I had told Briony Penn, writer, artist and environmental advocate with a PhD in Geography, that I remembered seeing Rivers of Herring in our summer cove during the ’60’s and ’70’s, but thought I never wrote about it. Here was proof:
29 July 1980
“SWARMS of tiny herring in Salty’s Cove. Never seen them so thick. Stretching all the way across cove and within 2 feet of cliff. Silver salmon. Water warm, but horrid going in with the fish!”
Finding this innocent entry was like finding a pearl in the ocean – and it is useful information today. No one thoroughly understands how herring populations work. DFO measures the big spawns that are commercially viable, and once the stock is depleted, they quit measuring. What we are discovering is that herring used to be in all the protected bays up and down the coast, and there are very few left.
I made a xerox copy of my note and gave it to Briony, who brought it to a meeting re. the herring quota for the Salish Seas. Briony told me the reference was perfect, because 1980 was the LAST LARGE HERRING SPAWN RECORDED in our Southern Gulf Islands. People like Briony thought we had a local summer population of herring, and now there was anecdotal proof. Fisheries, with all its “scientific wisdom” allowed our local resident populations to be virtually “wiped out” believing they didn’t even exist.
Importance of Herring
Pacific Herring (clupea pallasi) have the unenviable fate of being dinner to a large population of sea birds, salmon, seals, sea lions and whales. They are a vitally important fish in the food chain web of the oceans. Only one herring out of 10,000 eggs laid survive to return to spawn. They live up to 15 years – if they are lucky and escape the jaws of predators!
Have you ever seen a Humpback Whale scoop up a tonne of herring in one gulp? Go to You-Tube and watch this awesome sight.
Humpback Whales eating Herring on YouTube
What is today’s Lesson?
I hardly know because my task is to make my life lighter with my past history so I can spread my wings and fly with a new “me” into my next big adventure. I still dream of that Bull-dozer.
However, I am thrilled that I found this reference to the Herring Spawn – because it fills in a missing link that is significant today. On the same page I have reference to Barn Swallow babies being coaxed out of their nests under the eaves of our house. Another sad note, because we used to have 14 nests under the eaves and for many years there have been no swallows with their cheerful chatter and swift acrobatic flight. Never did I think the swallows would vanish.
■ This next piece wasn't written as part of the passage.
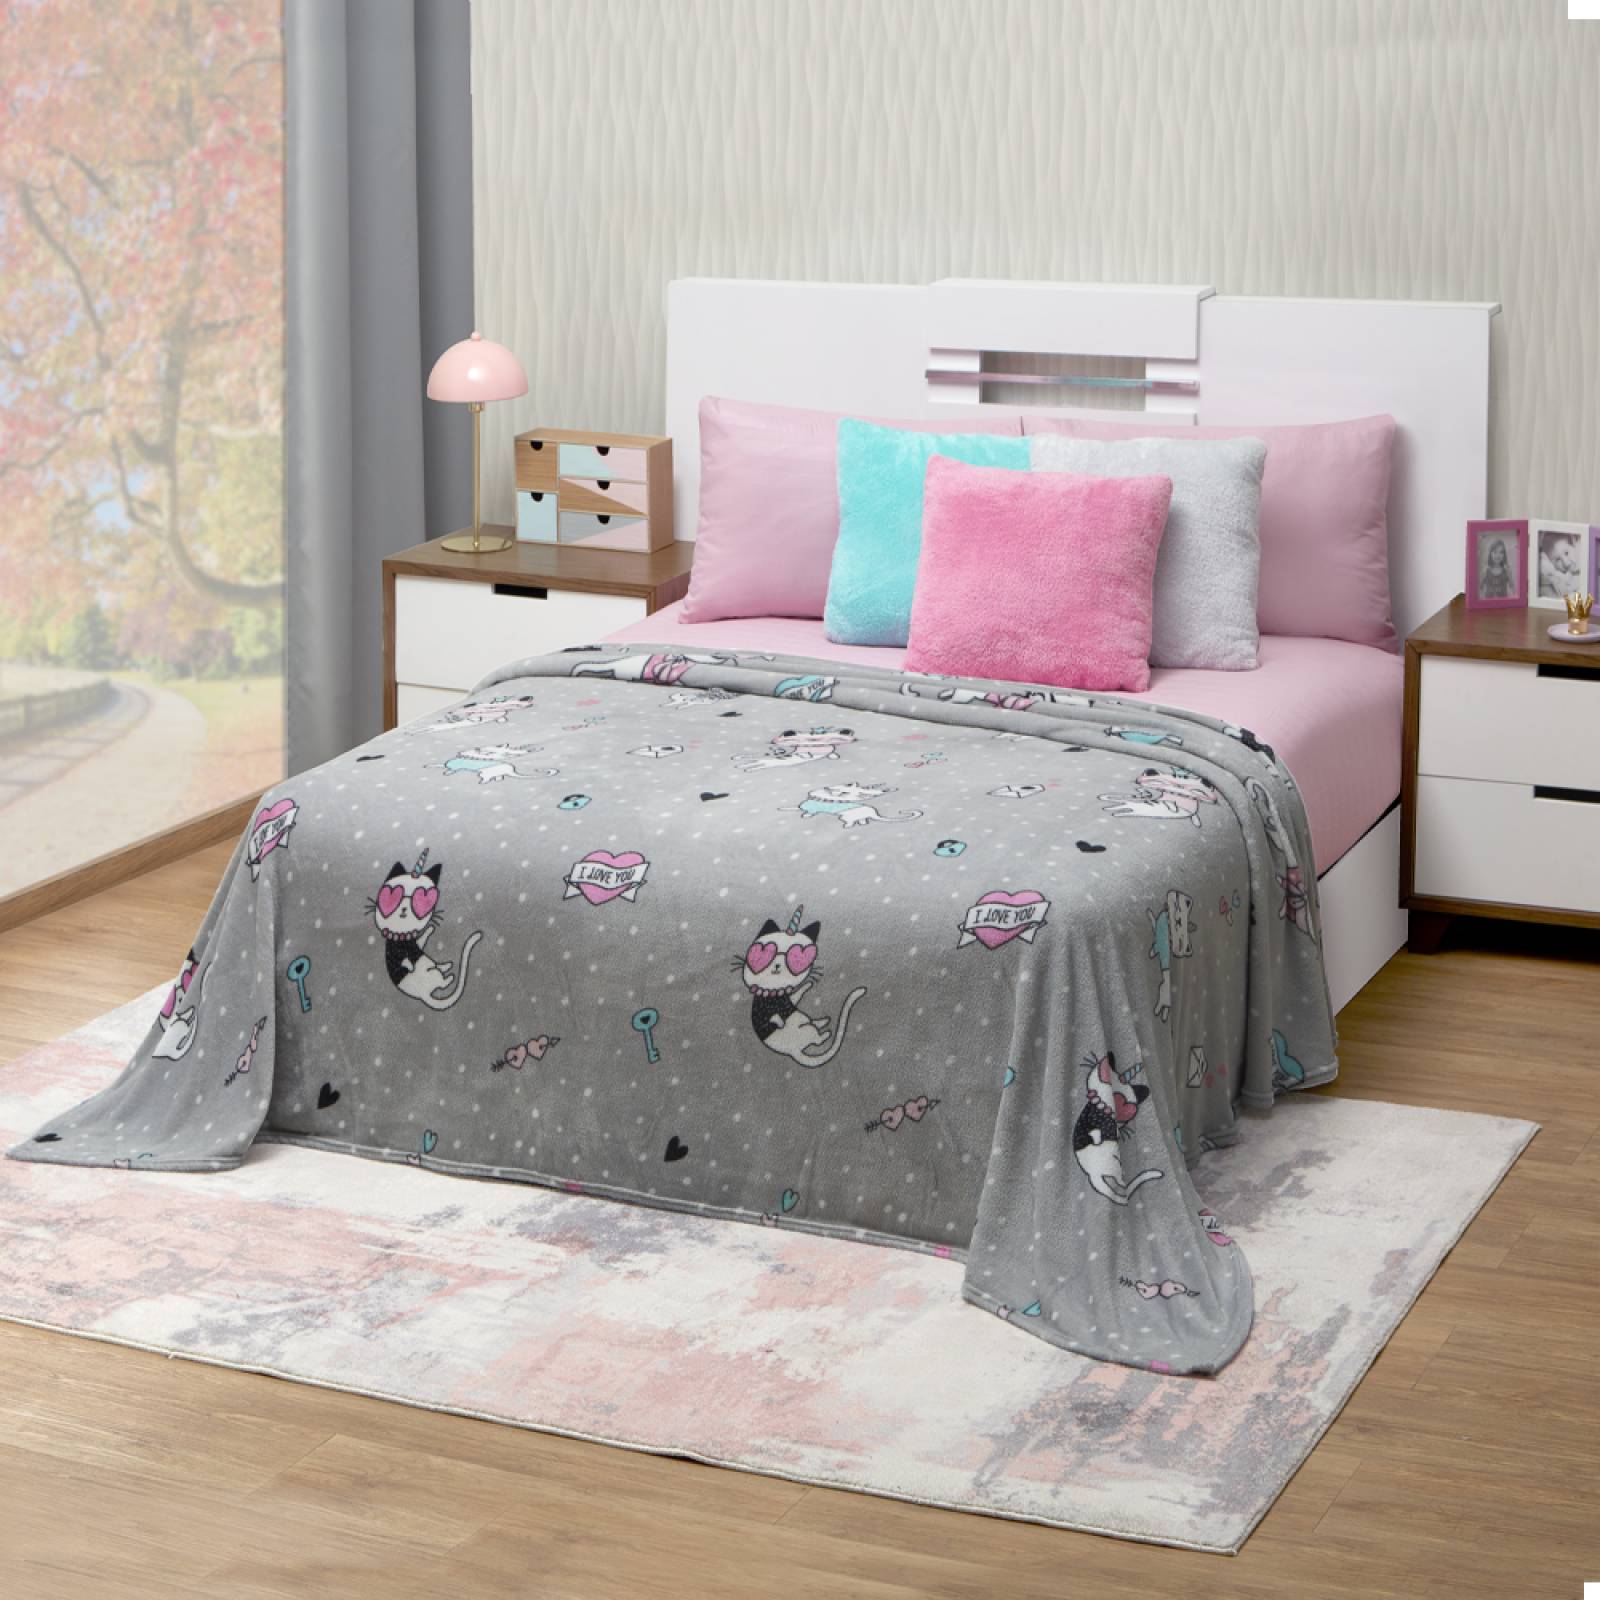 Cobertor lujoso reversible para cama queen – Mercadito Smart

Never did I think my grandchildren might not know what a swallow was except for a book image like the extinct Dodo Bird.
Cluter is who we are ….though may your clutter never let you get lost or not seen because it has buried you.
thoughts and memories will always be within us to be recalled by oral and written history.
love Dolly
Thanks, Dolly! I agree with you. I DREAM of an uncluttered environment in my new home. However, I find it fascinating to go through the stuff I have collected and hoarded over the decades, and to trace my life and interests. Life becomes so busy, I tend to forget whom I’ve been in the past.